SU1123704A1 - Method of obtaining conjugated antigens - Google Patents

Abstract

A method for producing morphine-based conjugated antigens at pH 8-9, characterized in that, in order to simplify the process, morphine, antigenic protein carrier and potassium ferricyanide interact in a ratio of 1:

Description

The invention relates to immunochemistry, in particular, to a method for producing conjugated antigens of morphine-antigenic carrier, which can be used in medicine and biology for producing antibodies to morphine and related compounds, neutralizing their toxic and pharmacological effects, as well as for determining opiates in a liquid x and tissues of the body.

Methods are known for the preparation of conjugated morphine antigen carrier antigens, according to which a reactive morphine derivative is usually obtained, which is then covalently bound to an antigen protein carrier, for example, whey proteins.

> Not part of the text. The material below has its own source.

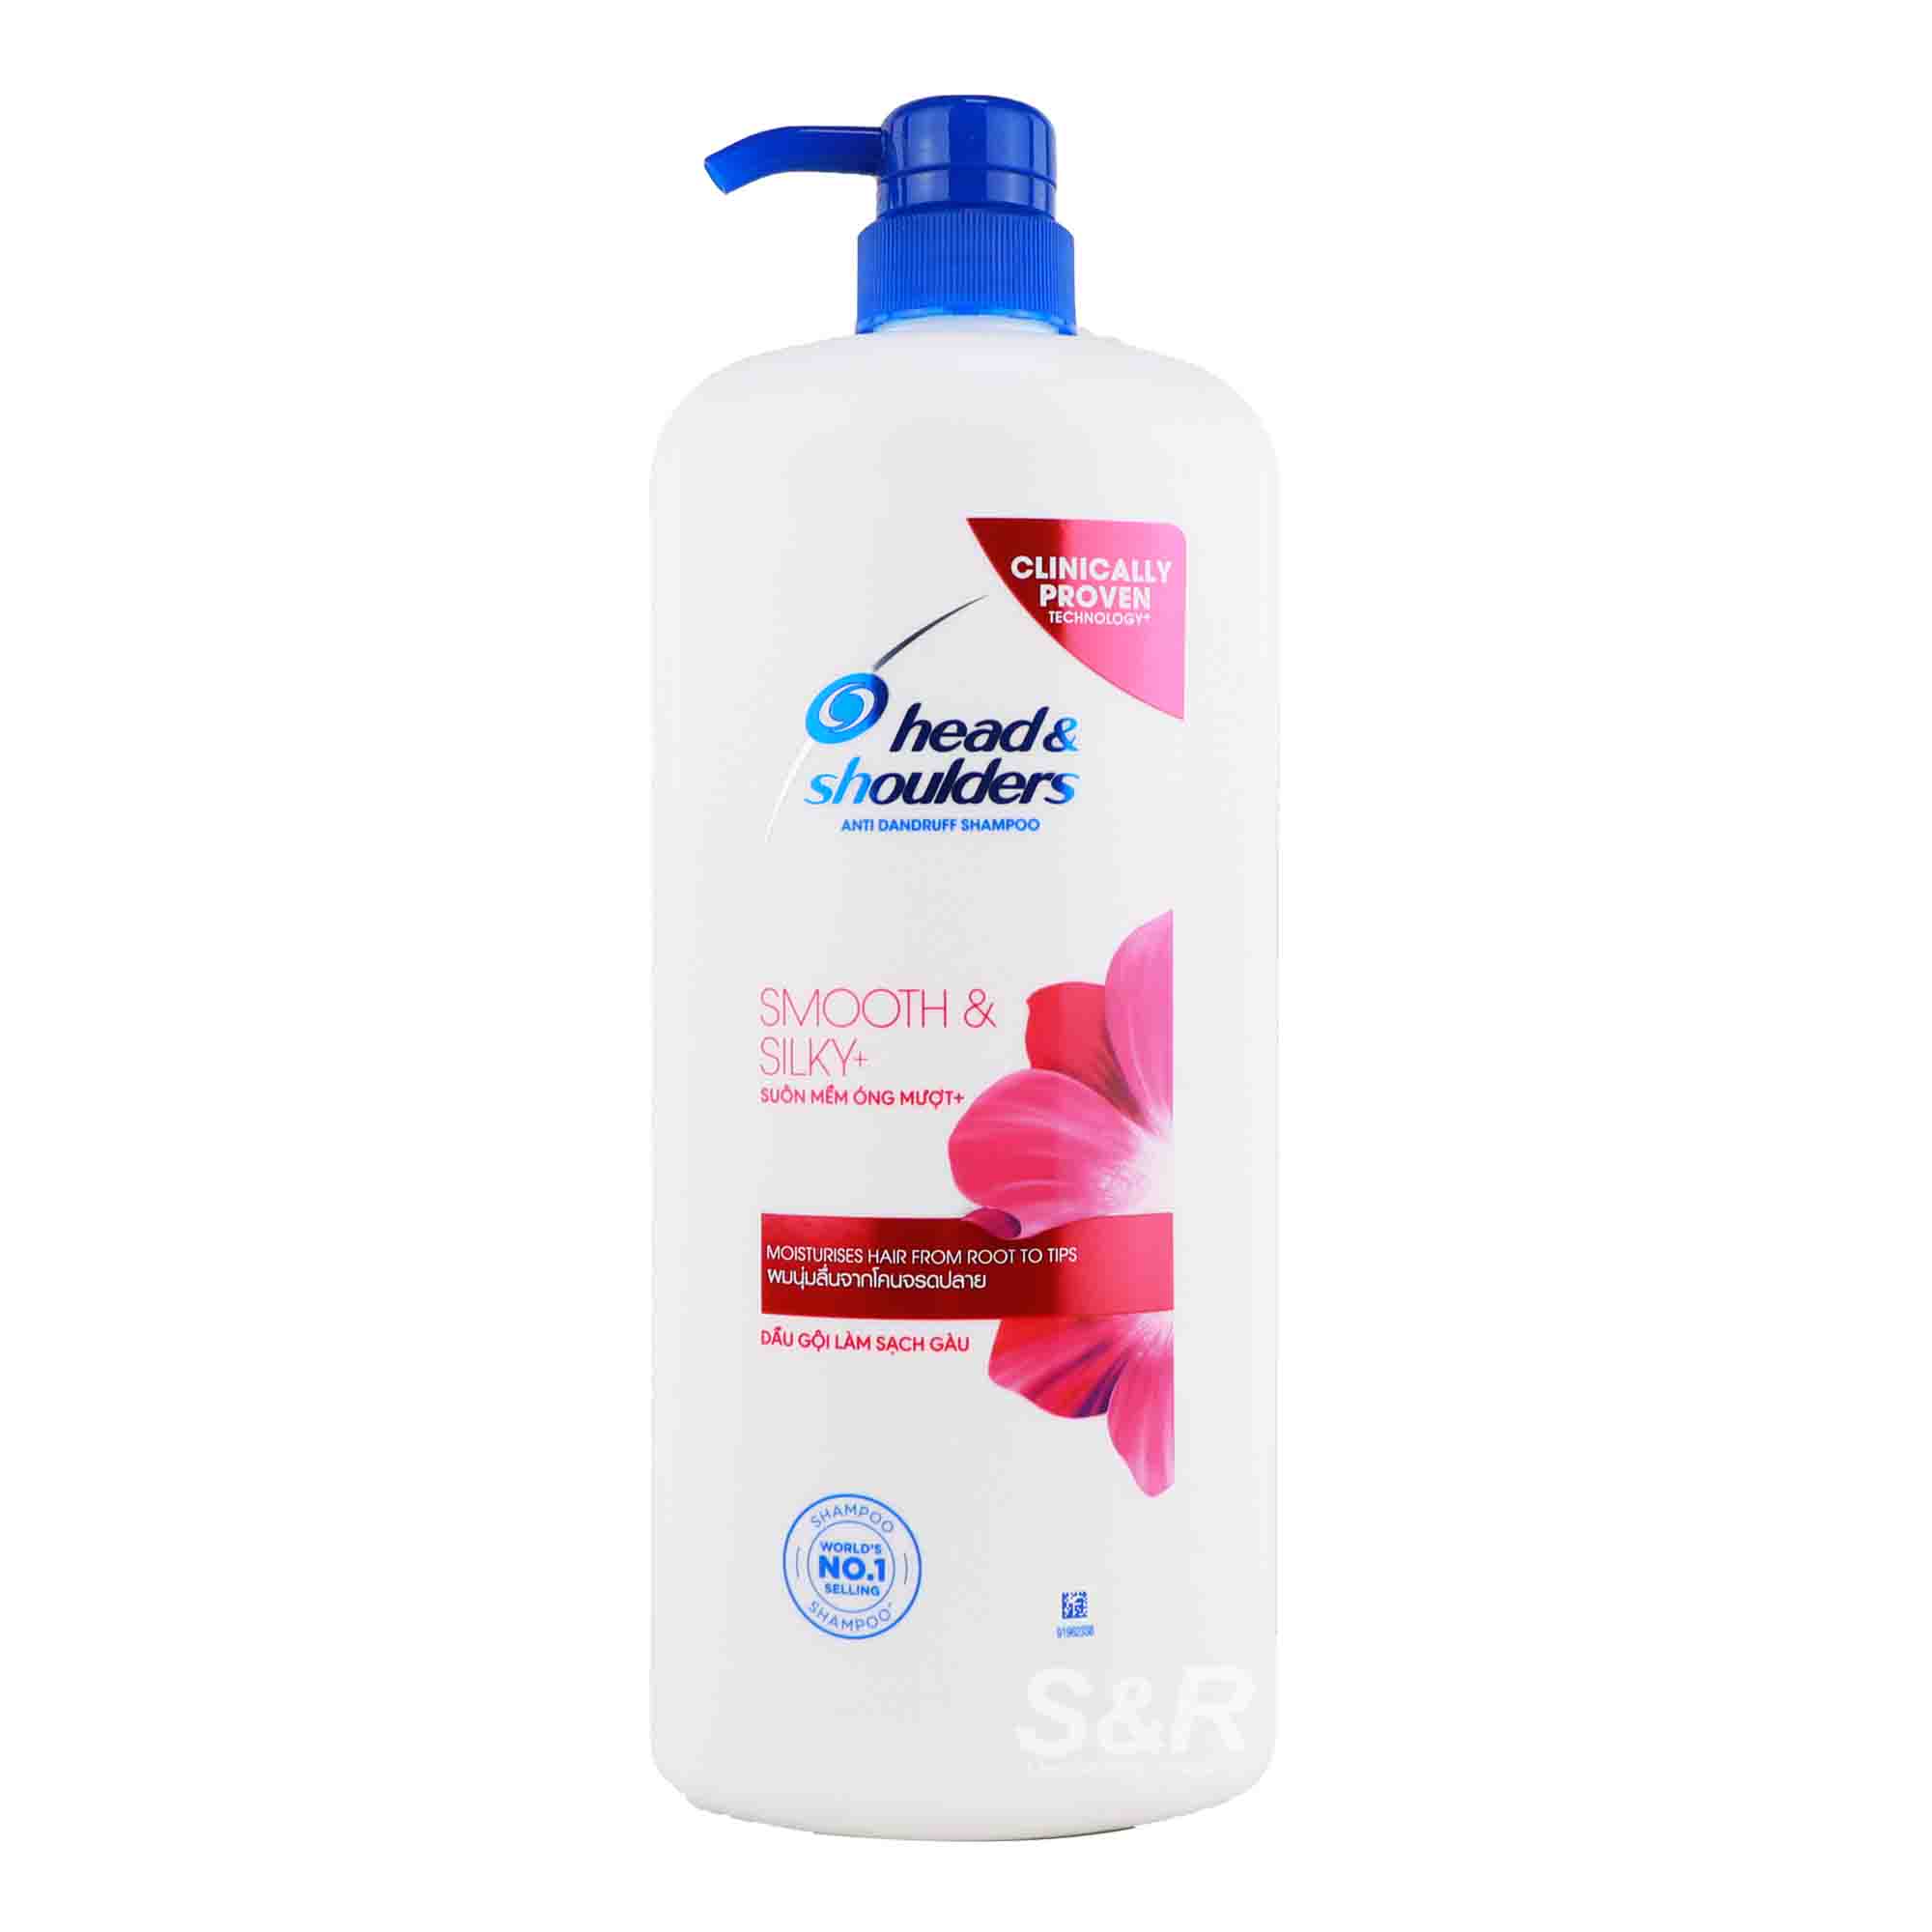 Head & Shoulders Smooth and Silky Shampoo 1.2L

Known is a method for producing conjugated antigens derived from morphine by combining the morphine with a diazonium salt of p-aminophenylacetamido, isolating the resulting azoderivatives .morfina Roliz and guide it to obtain .morfinazofenilamina which zate.m with po.moschyu carbodiimide derivative covalently linked to bovine serum albumin. The resulting conjugated antigen is isolated by known methods 1.

The disadvantages of this method are multi-stage and labor intensive.

The closest to the proposed one is a method for producing conjugated antigens based on morphine, involving the interaction of morphine with mono-azotized benzidine to isolate the resulting derivative, its diazotization and binding m to the antigen with protein carrier at pH 7-9. Usually, bovine serum albumin is used as an antigenic protein carrier and the ratio of morphine derivative and protein carrier is 1: (2-10) 2.

The disadvantage of this method is the length and complexity of the process for producing conjugated morphine antigens. The reactive derivative of morphine is obtained in several stages, with the initial molecule of morphine changing significantly by introducing additional chemical groups, which further affects the specificity of the antibodies. The stage of isolation and purification of intermediate derivatives, the use of solvents, concentrated salts and alkalis, and also toxic substances (benzidine) during the synthesis are also necessary.

The purpose of the invention is to simplify the process of obtaining conjugated antigens.

This goal is achieved in that, according to the method for producing conjugated morphine-based antigens at pH 8-9, morphine reacts.

antigenic protein carrier and potassium ferricyanide at a ratio of 1: C2-10): 1.

In the proposed method, the conjugated antigen morphine-antigen carrier get in one stage. A reactive morphine derivative, the corresponding phenoxy radical of morphine, which is formed by the interaction of morphine with potassium ferricyanide, is involved in the reaction of binding to the antigenic carrier.

The method is carried out as follows.

An aqueous solution of hydrochloride is incubated with an equal weight amount of potassium ferricyanide in the presence of a solution of bovine serum albu.min for 1-2 hours at pH 8–9 and 0–25 ° C with a morphine: antigenic carrier: ferricyanide ratio 1: (2–10 ):one.

The resulting conjugated antigen, morphine antigen carrier, is separated from the low molecular weight fraction by gel filtration on a Sephadex G-25. The morphine content of the synthesized conjugated antigen is determined by the difference in the amount of unreacted morphine added to the reaction in a known manner. Depending on the ratio of the initial reagents, conjugated antigens are obtained, in which from one to twenty antigenic molecules of a morphine molecule are covalently bound to one antigenic carrier molecule (bovine or human serum albumin). The structure of the conjugated antigens obtained was confirmed by UV-spectra, in which the absorption intensity and the shift of the maximum increase, as compared to the protein spectrum, due to morphine molecules attached to the protein.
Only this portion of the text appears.